Friday, November 18, 2011

New sculpture

   So it has been a little bit since I've posted pictures of what I'm working, so I thought I'd do that now.   This is a picture of a fellow student wearing a piece I made.  The piece, though small represents one of my new concepts.  (New as in this year.)  It is part animal in shape, and part armor.  This ambiguous-ness between technology and nature is a common theme for me.
   The next piece can be looked at as ribs or spines, or even an insect.  Each steel rod was hammered to shape and then welded to the steel base. There is this progressive curve created through the shape of the ribs.  Its about 6 feet in length and about 2 feet tall.  This is my first welding project here at school and has given me a fair amount of practice.  I engineered the piece to have the welds out of view in case they were sloppy, as well as to remove the construction of the piece from the context of the work.  This piece is still being worked on, though the last few things are finishing touches.

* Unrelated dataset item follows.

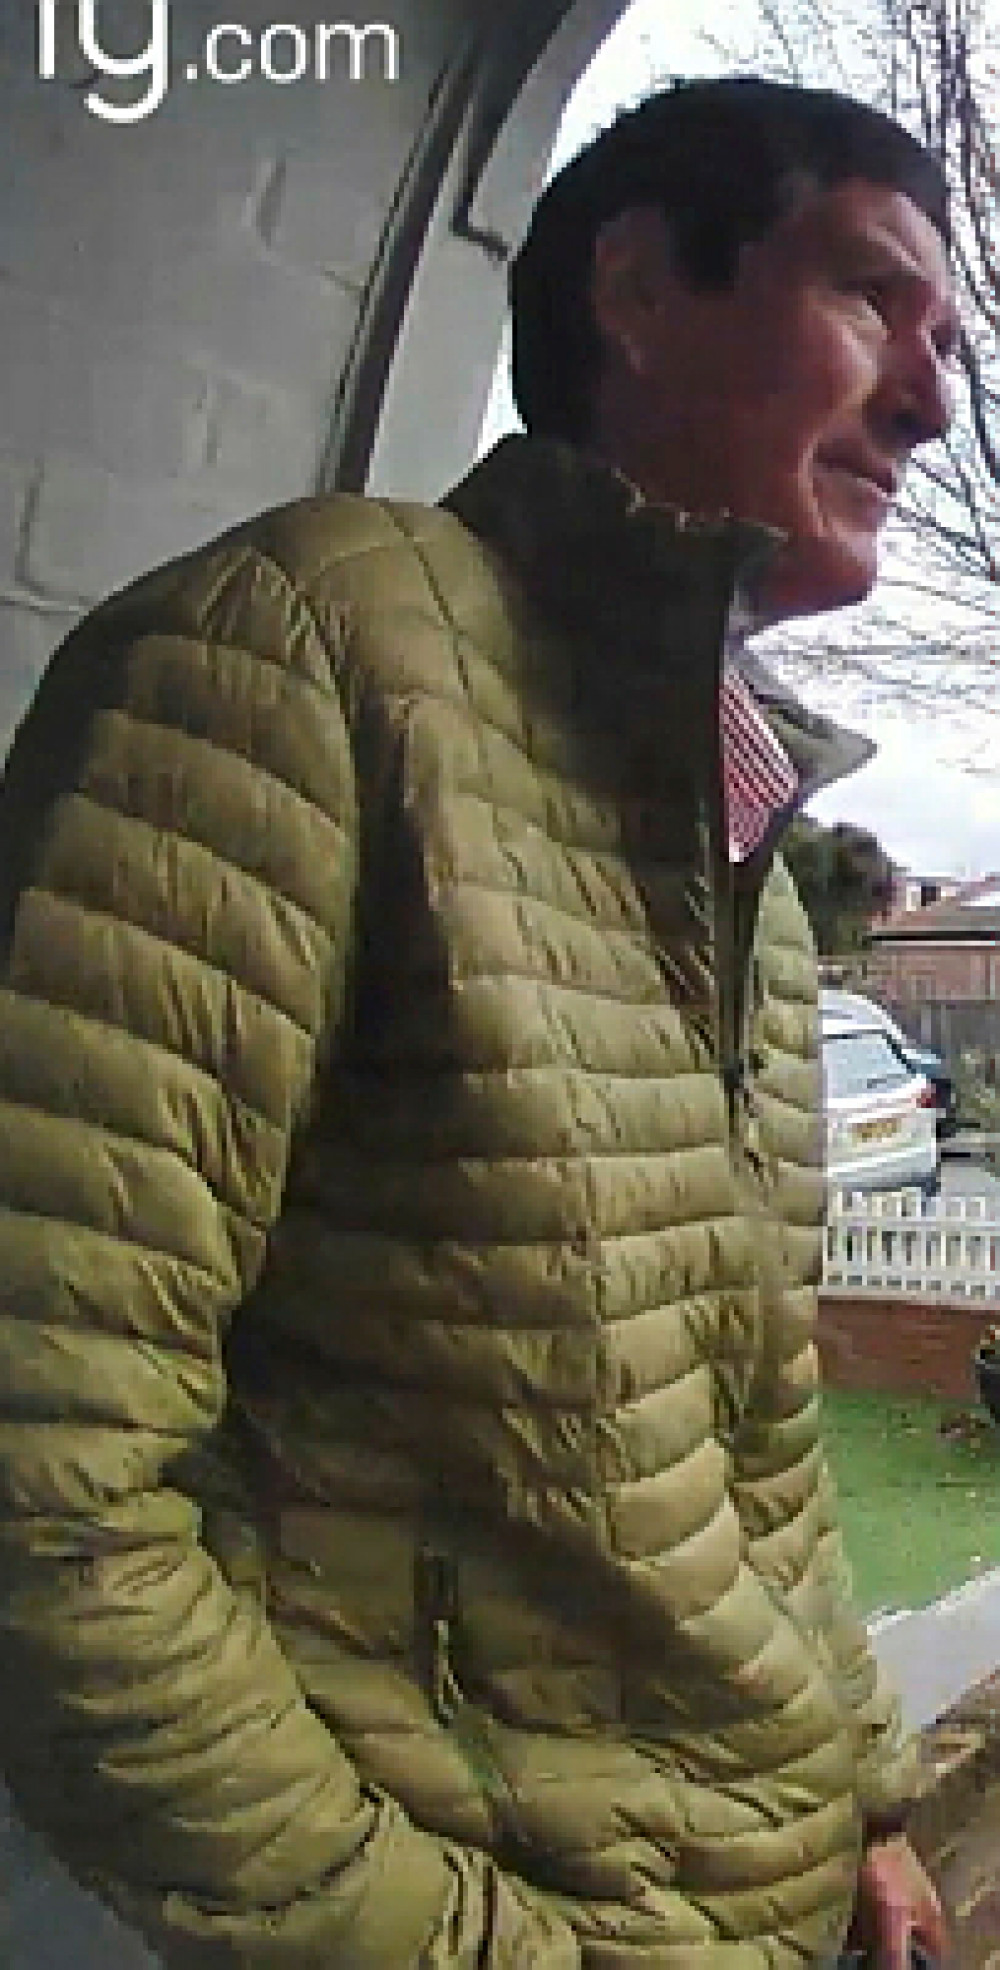 The police have issued an appeal to the public to help identify a man implicated in a series of burglaries.

   This thing hanging on my wall is a piece made of tape and wooden dowel rods.  Again exploring line as a way to create movement and progression within a piece, but adding ideas of cellular or plant-like growth to it.  I also wanted to make something outside of metal, and this is very transportable and does not require the same stamina and energy to work on as the steel work.  I am planning to fill the entire studio wall with this, and have been spyed at coffee shops and riding shotgun to Los Angeles while working on this in my lap.  I am making about a yard at a time.  This represents about 5 yards.  The spacing between the dowel rods varies but the "height" remains constant.  I'd like to take the finished version of this and do some guerrilla photographs at a corporate building lobby, maybe a bridge or piece of architecture. 
   So that's what is going on in my studio.  I am nearing the end of my first semester at Claremont and am planning on utilizing winter break as a time for major production in the studio, along with reading a lot.

Wednesday, November 16, 2011

Grant Funded!

Good News Everyone!  My research/reading group proposal was approved and is now grant supported.  In case you missed that post, its called Methods Of Innovation: The Process of Gaining Inspiration From the Other Side (a few entries back).  Please contact me if you are interested in attending.  Even if you are not a CGU student, I am interested in getting representation from different fields to provide balance to the group (writers, actors, dancers, musicians, historians, philosophers, physicists, anyone in biological/medical/chemical sciences, architecture, engineering, mathematics, and anyone with proficiency in any other subject.  I am also seeking special guest speakers, suggestions on books, articles, film clips, etc. that might inspire people.  I can send you the full syllabus to review.

Tuesday, November 1, 2011

Art All Stars

I got to meet one of the biggest names in contemporary painting this past weekend.  CHUCK CLOSE!!!  I went with some friends to an opening for him at Blum & Poe, the first in a while in the LA area. I got to tell him a story about being yelled at by security guards at the National Gallery in DC, when trying to inspect one of his paintings.  The painting was Fannie, and its a portrait of an old woman made entirely of thumbprints.  I was 14 or so, and was leaning in to see this wrinkle in her clothes.  He told me that happens to him a lot.  I went with a few school friends and respective spouses who shot a picture of us with him.  We were all gushing, because we are art students and have all studied painting.  That's me on the left, with Chuck in the middle, Kristen, and Stephanie on the far right.  The painting behind him is one of his self portraits.  For those of you who don't know his work, Close has a rare condition called face blindness, where he can't recognize faces.  He started painting portraits of people using a grid system to blow their faces up to larger-than-life size as a way to help him remember the faces.  He's famous for the size of the paintings, as well as this 1970's aesthetic of the portraits.  In another room of the gallery there were some paint on paper pieces done with colored dots.  He layered the colored dots with smaller one of contrasting colors to really help push the effect: a newspaper-print looking painting.